Sodium/glucose cotransporter 2 (SGLT2) inhibitors improve cardiac function by reducing JunD expression in human diabetic hearts.

Background: The pathogenesis of experimental diabetic cardiomyopathy may involve the activator protein 1 (AP-1) member, JunD. Using non-diabetic heart transplant (HTX) in recipients with diabetes, we examined the effects of the diabetic milieu (hyperglycemia and insulin resistance) on cardiac JunD expression over 12 months. Because sodium/glucose cotransporter-2 inhibitors (SGLT2i) significantly reverse high glucose-induced AP-1 binding in the proximal tubular cell, we investigated JunD expression in a subgroup of type 2 diabetic recipients receiving SGLT2i treatment.

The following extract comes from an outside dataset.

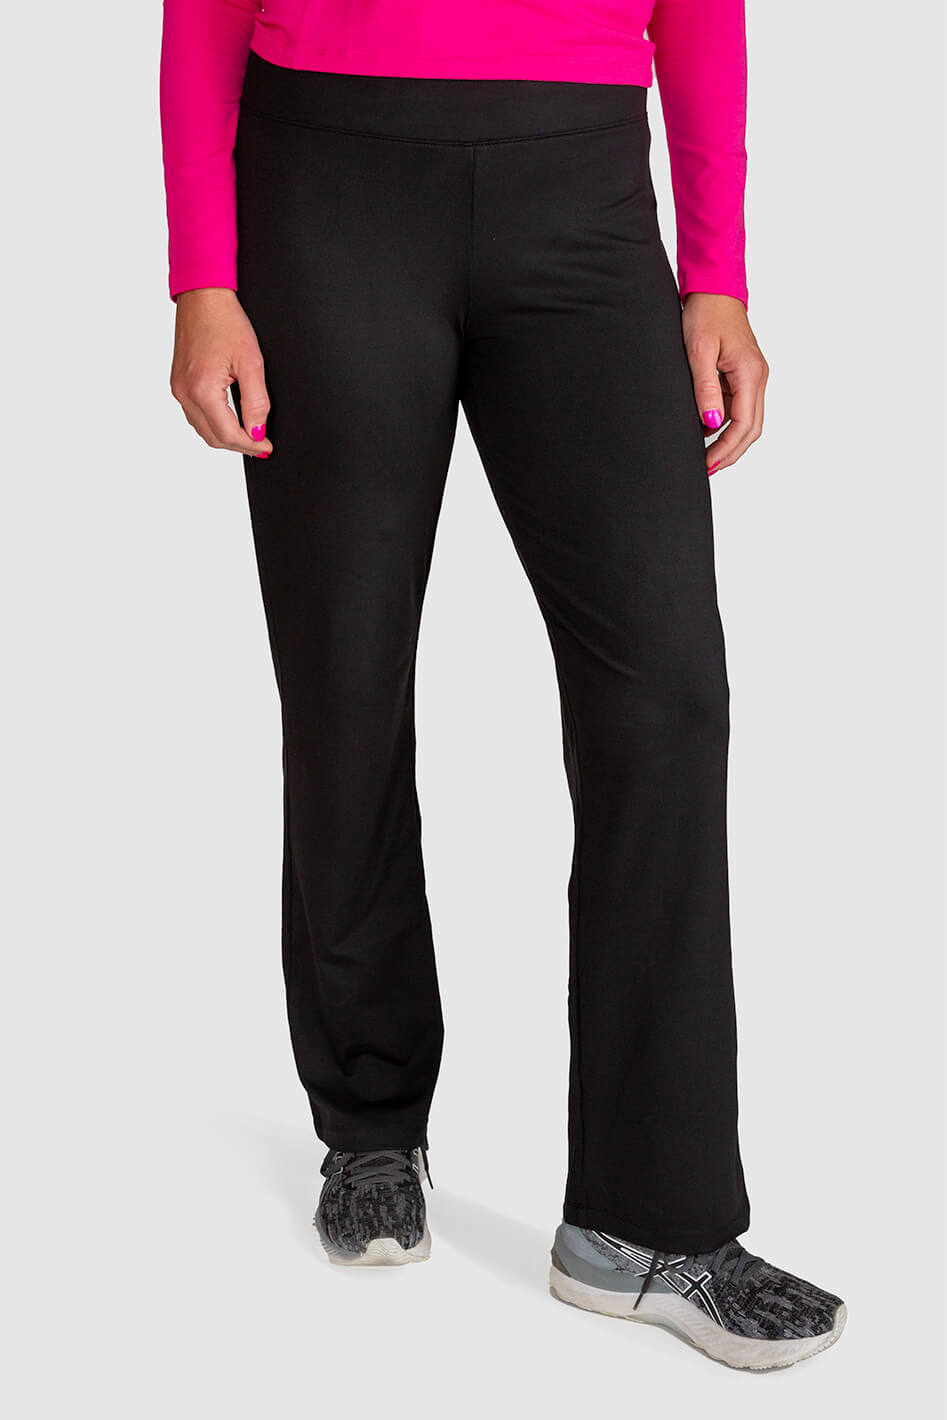 Everyday Active Pant has yoga pants styling

Methods: We evaluated 77 first HTX recipients (40 and 37 patients with and without diabetes, respectively). Among the recipients with diabetes, 17 (45.9%) were receiving SGLT2i treatment. HTX recipients underwent standard clinical evaluation (metabolic status, echocardiography, coronary computed tomography angiography, and endomyocardial biopsy). In the biopsy samples, we evaluated JunD, insulin receptor substrates 1 and 2 (IRS1 and IRS2), peroxisome proliferator-activated receptor-γ (PPAR-γ), and ceramide levels using real-time polymerase chain reaction and immunofluorescence. The biopsy evaluations in this study were performed at 1-4 weeks (basal), 5-12 weeks (intermediate), and up to 48 weeks (final, end of 12-month follow-up) after HTX.

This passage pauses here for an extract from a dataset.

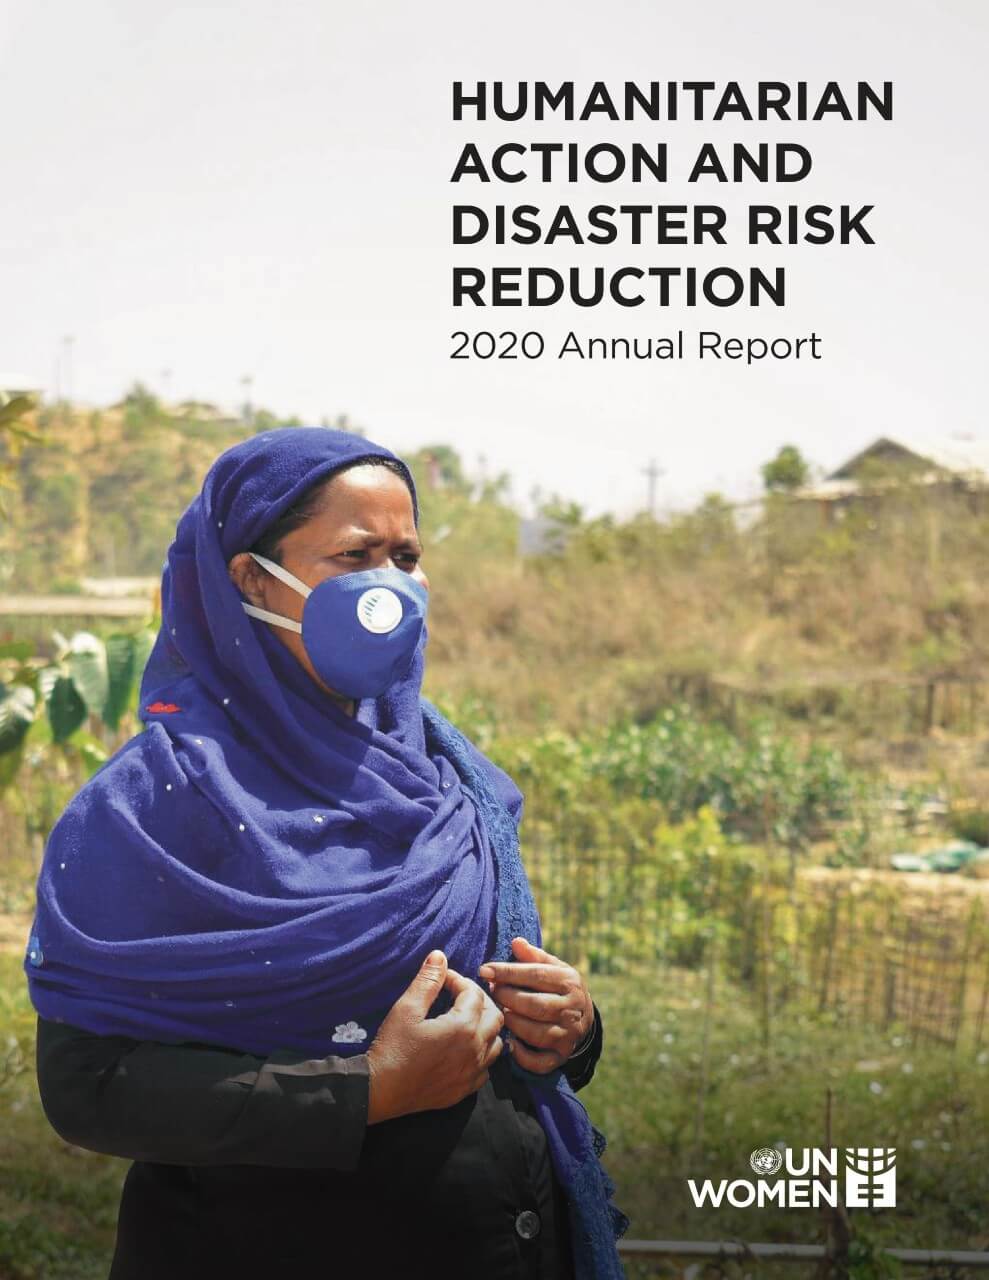 Humanitarian action and disaster risk reduction: 2020 annual report

Results: There was a significant early and progressive increase in the cardiac expression of JunD/PPAR-γ and ceramide levels, along with a significant decrease in IRS1 and IRS2 in recipients with diabetes but not in those without diabetes. These molecular changes were blunted in patients with diabetes receiving SGLT2i treatment.

Conclusion: Early pathogenesis in human diabetic cardiomyopathy is associated with JunD/PPAR-γ overexpression and lipid accumulation following HTX in recipients with diabetes. Remarkably, this phenomenon was reduced by concomitant therapy with SGLT2i, which acted directly on diabetic hearts.